However, several studies have shown that surgery can be offered in selected high-risk patients, often in the context of multimodal treatment [3]. The feasibility of RARP is proven by the associated oncological and functional outcomes. In fact, approximately 25-30% of patients with high-risk prostate cancer undergoing RARP remain free of biochemical recurrence at 10 years [4]. The preservation of neurovascular bundles can result in better postoperative functional outcomes (both erection and urinary continence) [5]. The robotic approach allows a better visualization of anatomical structures and a greater precision of movement, making nerve-sparing (NS) RARP capable to yield an overall potency rate of ≥ 50%, with an early return of continence in 44-72% of cases [6].
Nerve-sparing surgery (NSS) does not compromise oncological outcomes if patients are carefully selected. According to current European Urology Association (EAU) guidelines, NSS should be performed when there is a low-risk of extracapsular extension (based on cT stage, ISUP grade, nomogram, multiparametric MRI). Therefore, the guidelines do not recommend using NSS in high-risk PCa but do not exclude it either.
The aim of this study was to compare oncological outcomes of patients with high-risk localized prostate cancer undergoing RARP with and without NSS..

2. Materials and Methods

We designed a single-center, two-arm, prospective study at our tertiary referral center (Karolinska Institutet, Solna, Sweden), enrolling patients between November 2002 and December 2018. The oncological outcomes were updated to January 2022. The study was conducted in accordance with the Declaration of Helsinki [7] on ethical principles for medical research involving human subjects, and each patient provided a written informed consent to participate. Ethics committee approval was obtained prior to patient enrollment.

2.1. Patient enrollment and stratification

Consecutive patients with localized high-risk PCa undergoing RARP were included in the study. Subjects who received prior pelvic radiation, focal therapy for PCa, androgen deprivation therapy (ADT), surgery for benign prostatic hyperplasia, or salvage RARP were excluded from the study.
According to EAU guidelines, high-risk localized PCa was defined on the basis of the following criteria: Prostate Specific Antigen (PSA) >20 ng/ml or Gleason score (GS) >7 or cT2c. PCa characterized by cT3-4 or cN+ (high-risk locally-advanced) were excluded. RARP was offered after appropriate patient counseling and multidisciplinary case discussion.
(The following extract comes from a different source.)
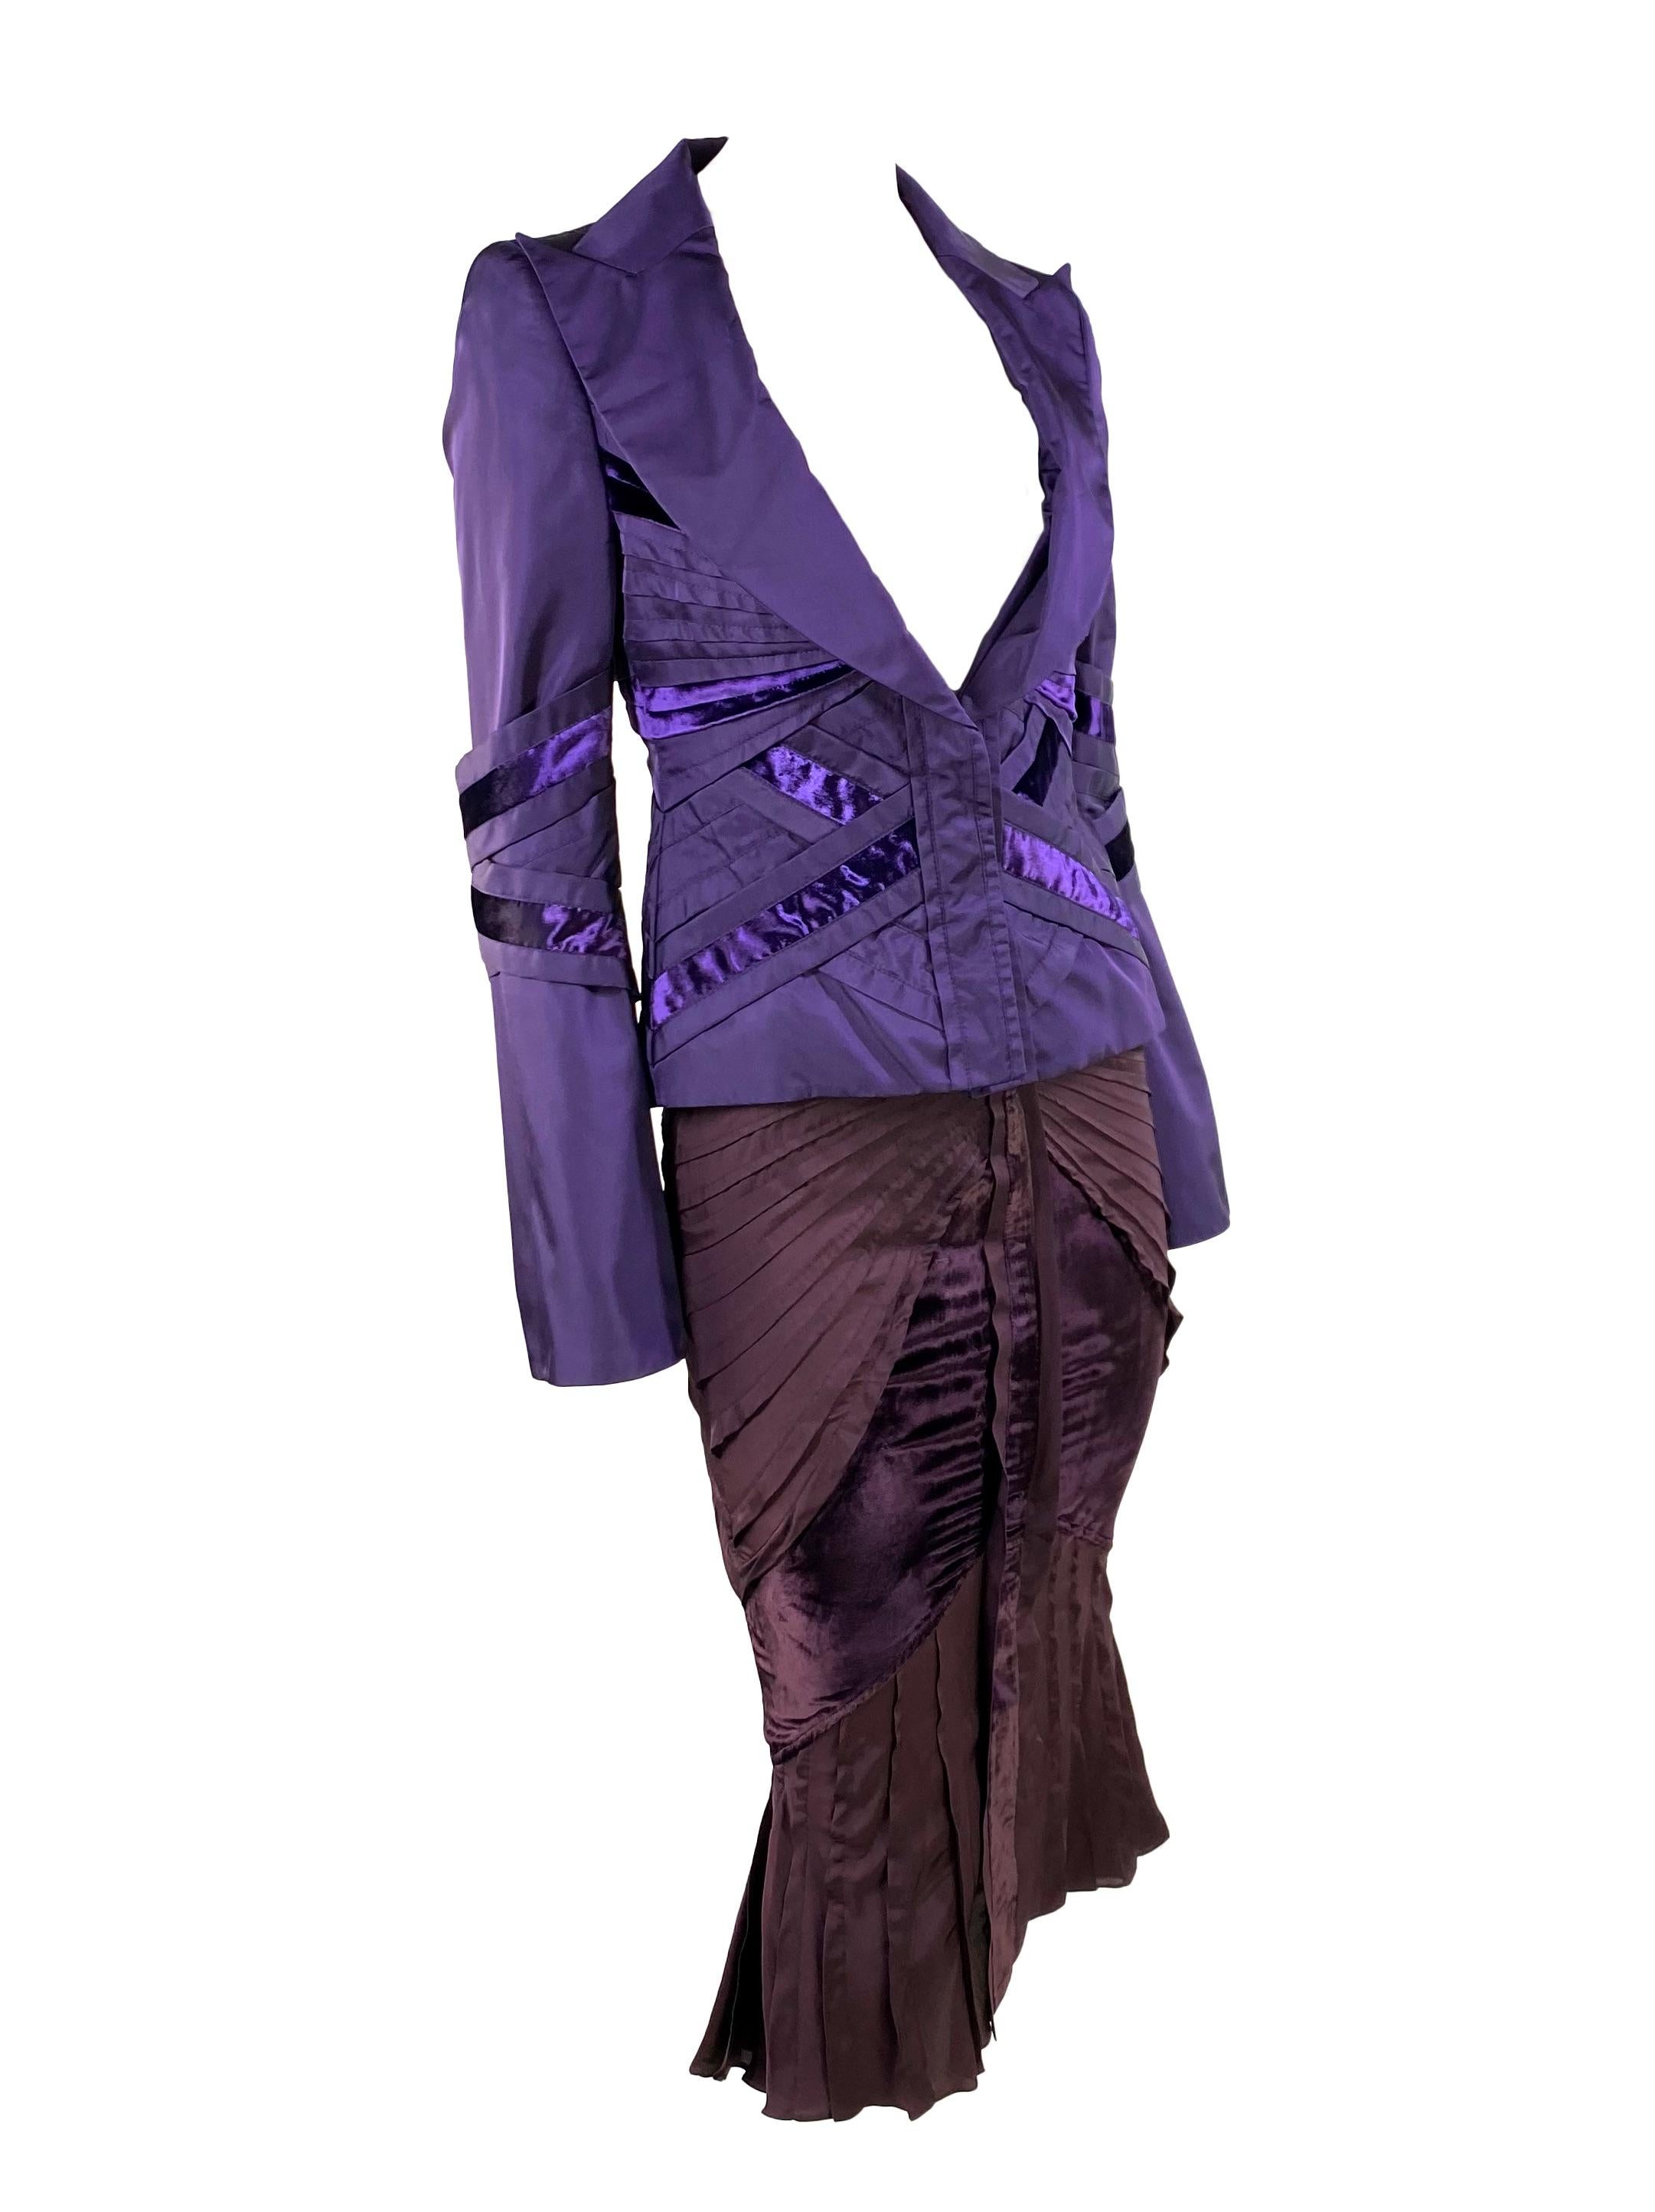 F/W 2004 Gucci by Tom Ford Lila Burgunderfarbener Samt-Laufstegrock mit Seidenband-Anzug (Violett) im Angebot
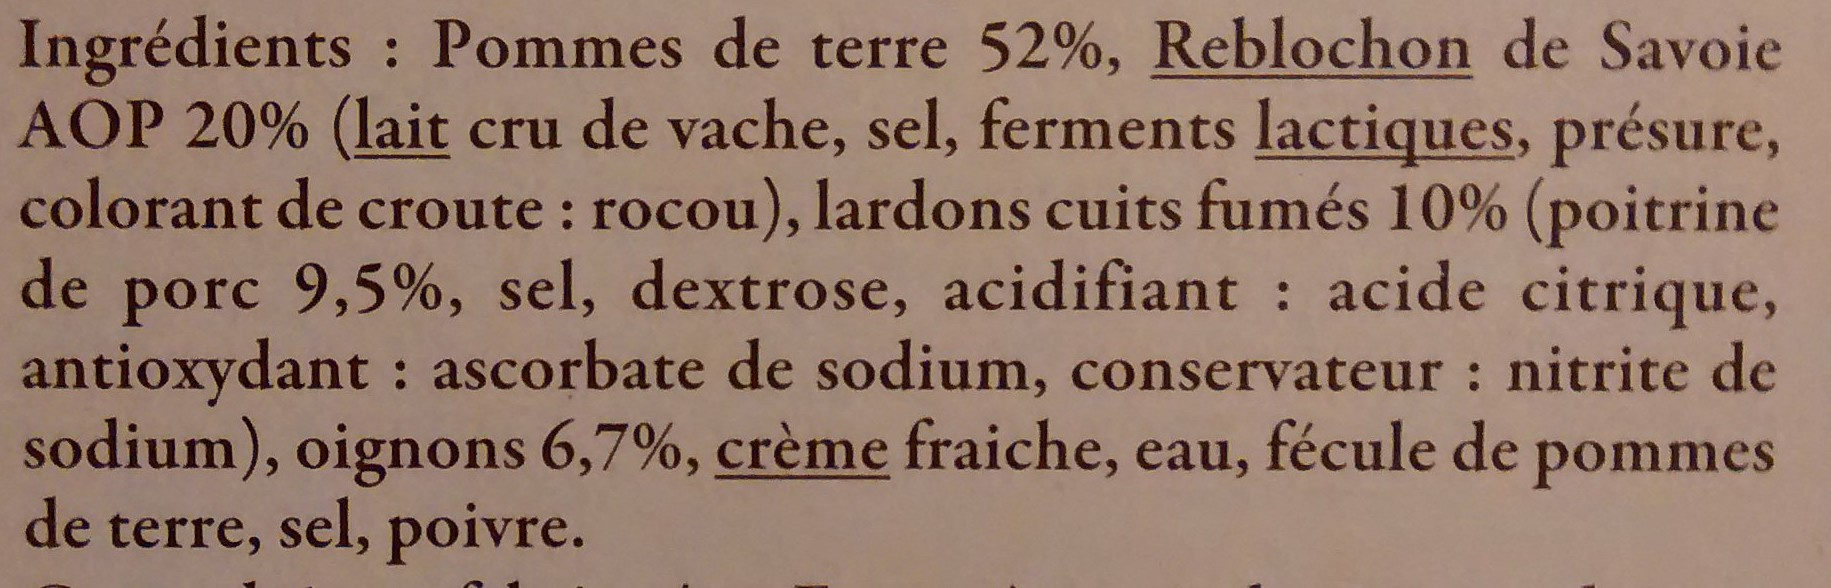 Tartiflette au Reblochon de Savoie Label Rouge - Ingredients - fr

Type of surgery was chosen by the surgeon after a scrupulous evaluation of the preoperative clinical characteristics of patient and disease (as reported in the “Patient assessment” section), as well as of the intraoperative condition. No nomogram was used to predict the risk of extracapsular extension. Patients were retrospectively stratified into 2 groups based on NSS (yes/no) for the assessment of the oncological outcomes. Some subjects underwent unilateral NSS, they were classified in the NSS group but additional analyzes were performed between unilateral and bilateral NSS.

2.2. Surgical details

Radical prostatectomies were performed by 10 surgeons with robot-assisted technique using a daVinci® Surgical System (Intuitive Surgical, USA). NS dissection was either intra-fascial (dissection in the plane between the prostatic capsule and the periprostatic fascia) or inter-fascial (dissection in the plane between the periprostatic and endopelvic fascia). Non-NS was either partial non-NS (leaving most of the neurovascular bundle on the prostate) or entirely non-NS. Depending on tumor location, apical dissection was either with maximum urethral length, at the level of the apex, or with a margin from the apex. Bladder neck-sparing dissection was avoided in patients with suspicion of bladder-neck invasion.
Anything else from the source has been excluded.